[Assignment] The reply should repeat all of the data word for word, with no pictures.

[Data provided]

******************************

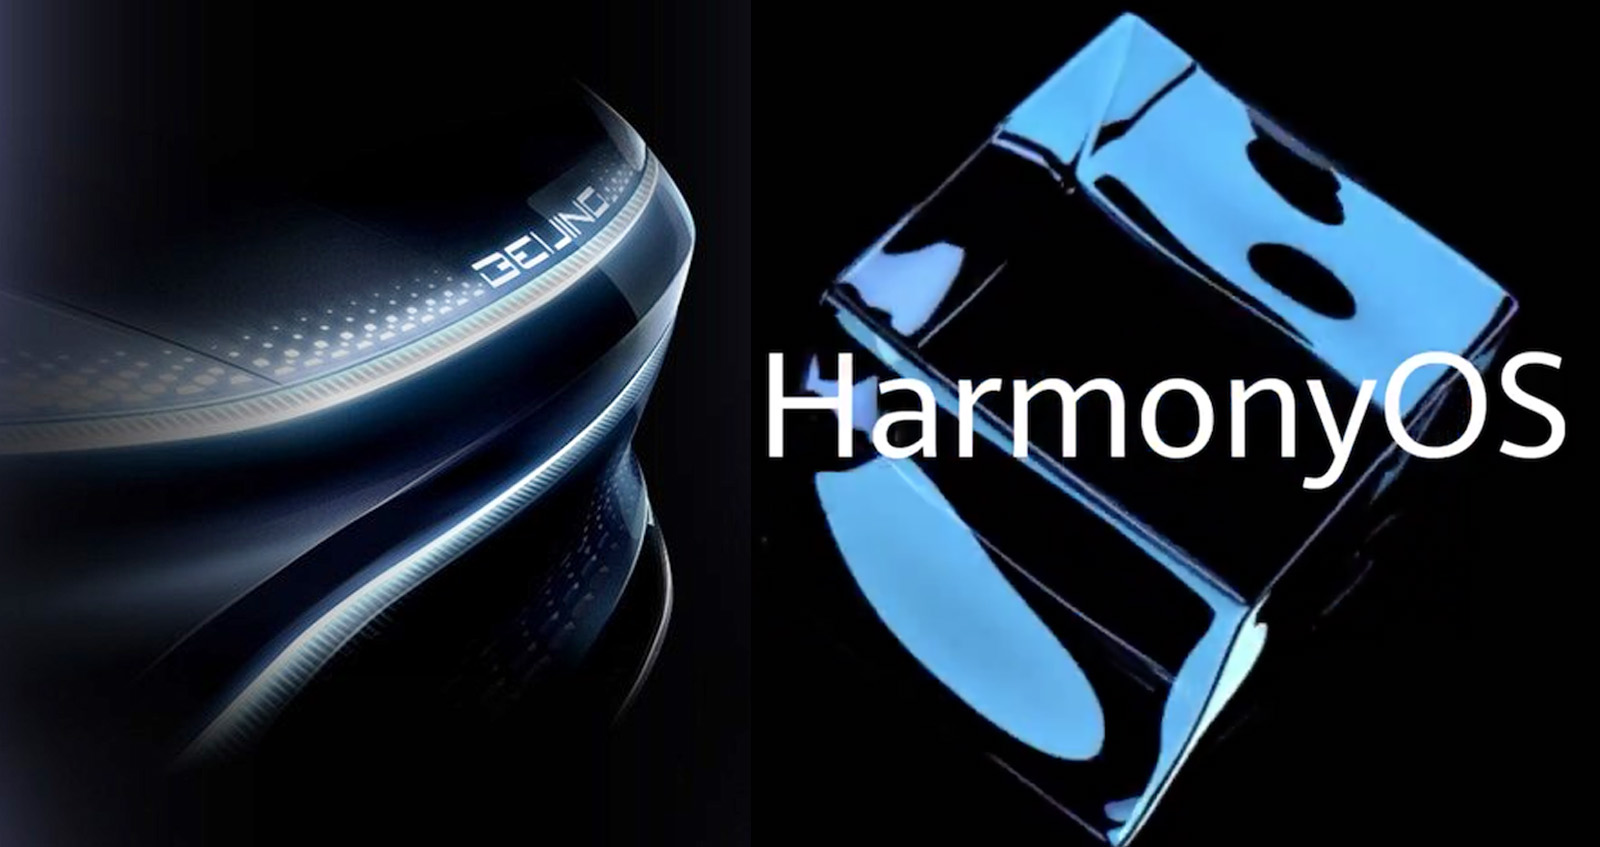 Beijing ปล่อยทีเซอร์ SUV สันดาปพร้อม Harmony OS ของ Huawei
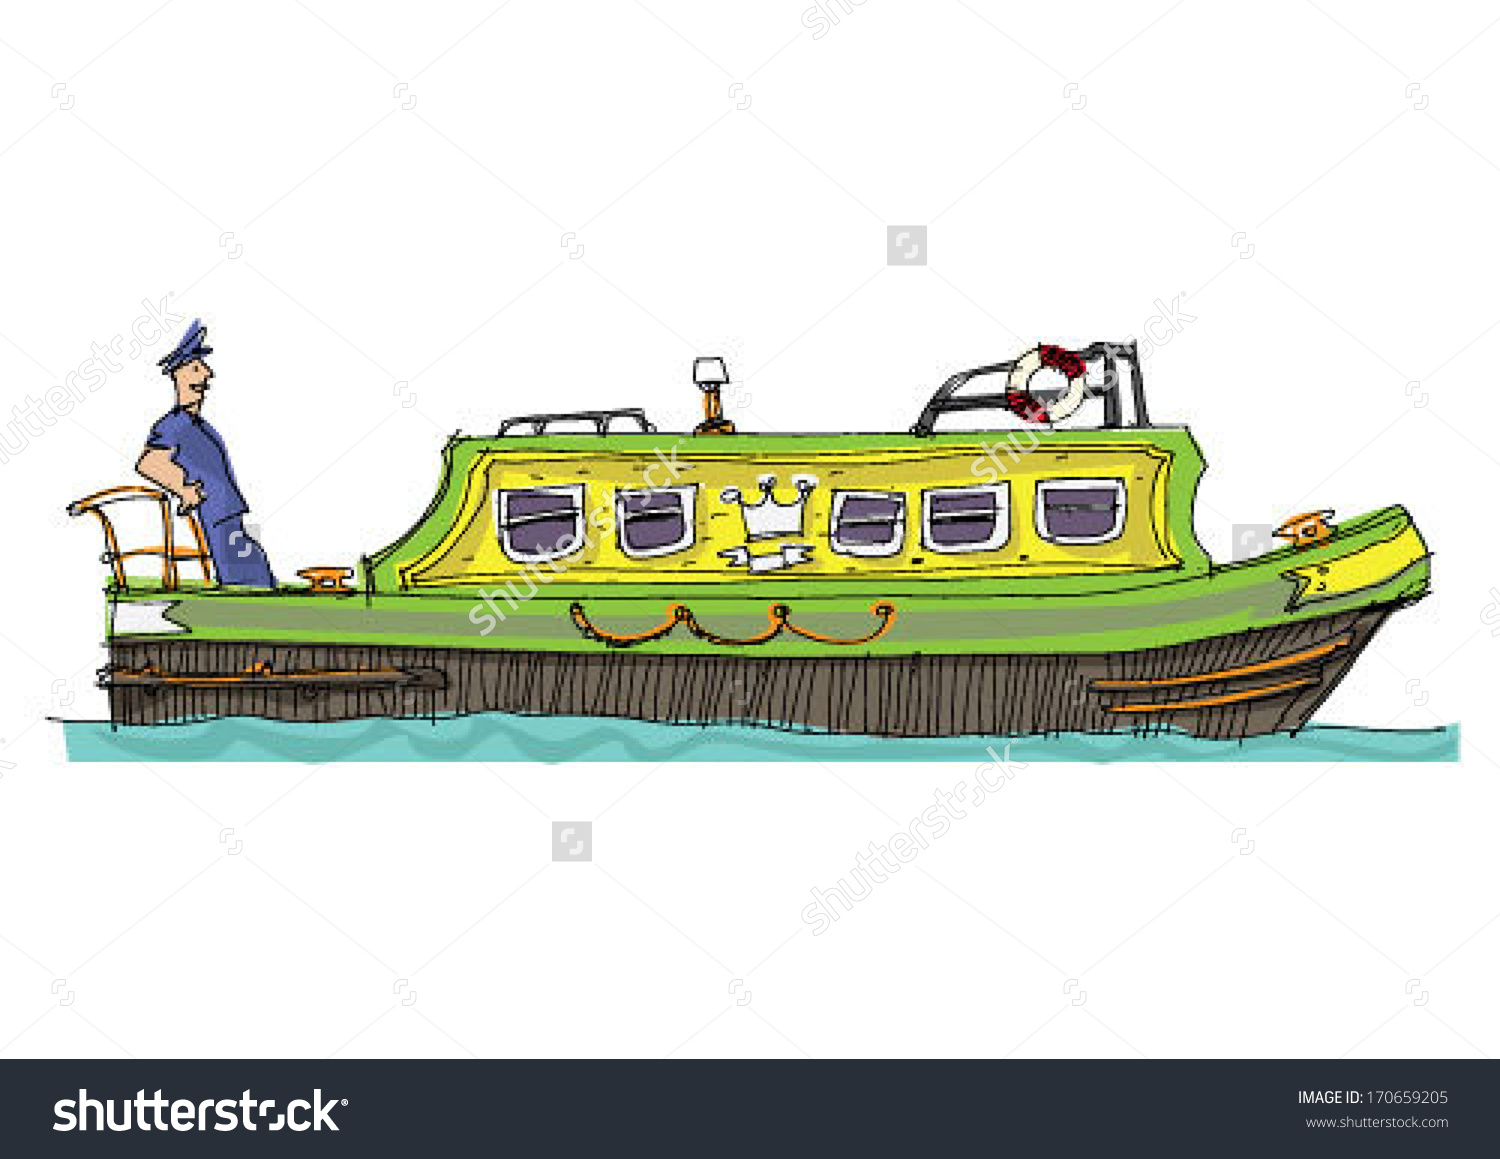 Leisure Barge Cartoon Stock Vector 170659205.
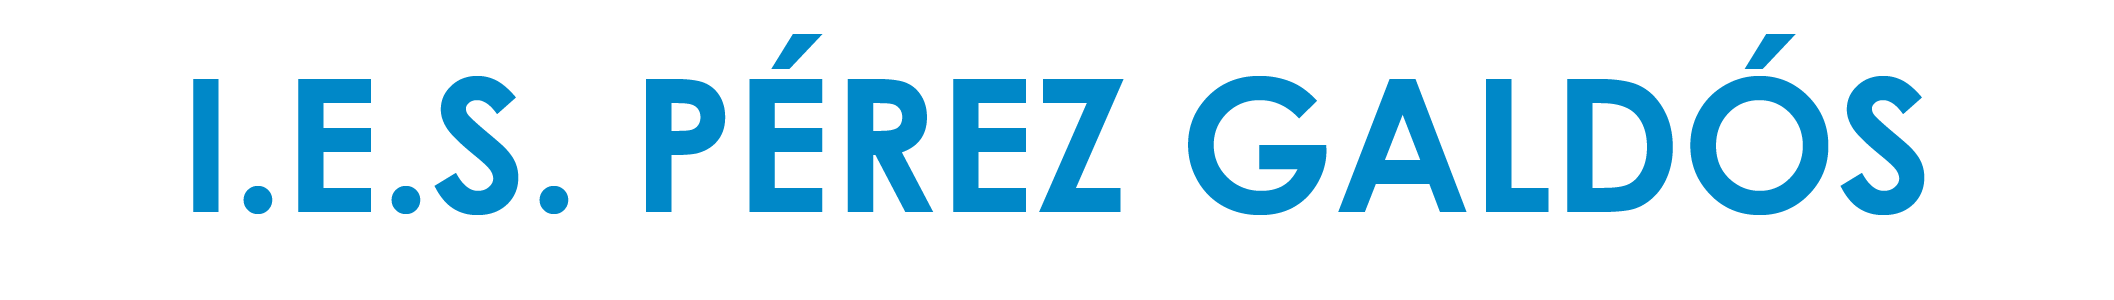 IES Perez Galdos logo

******************************

[Exercise response]
 Beijing ปล่อยทีเซอร์ SUV สันดาปพร้อม Harmony OS ของ Huawei
 Leisure Barge Cartoon Stock Vector 170659205.
 IES Perez Galdos logo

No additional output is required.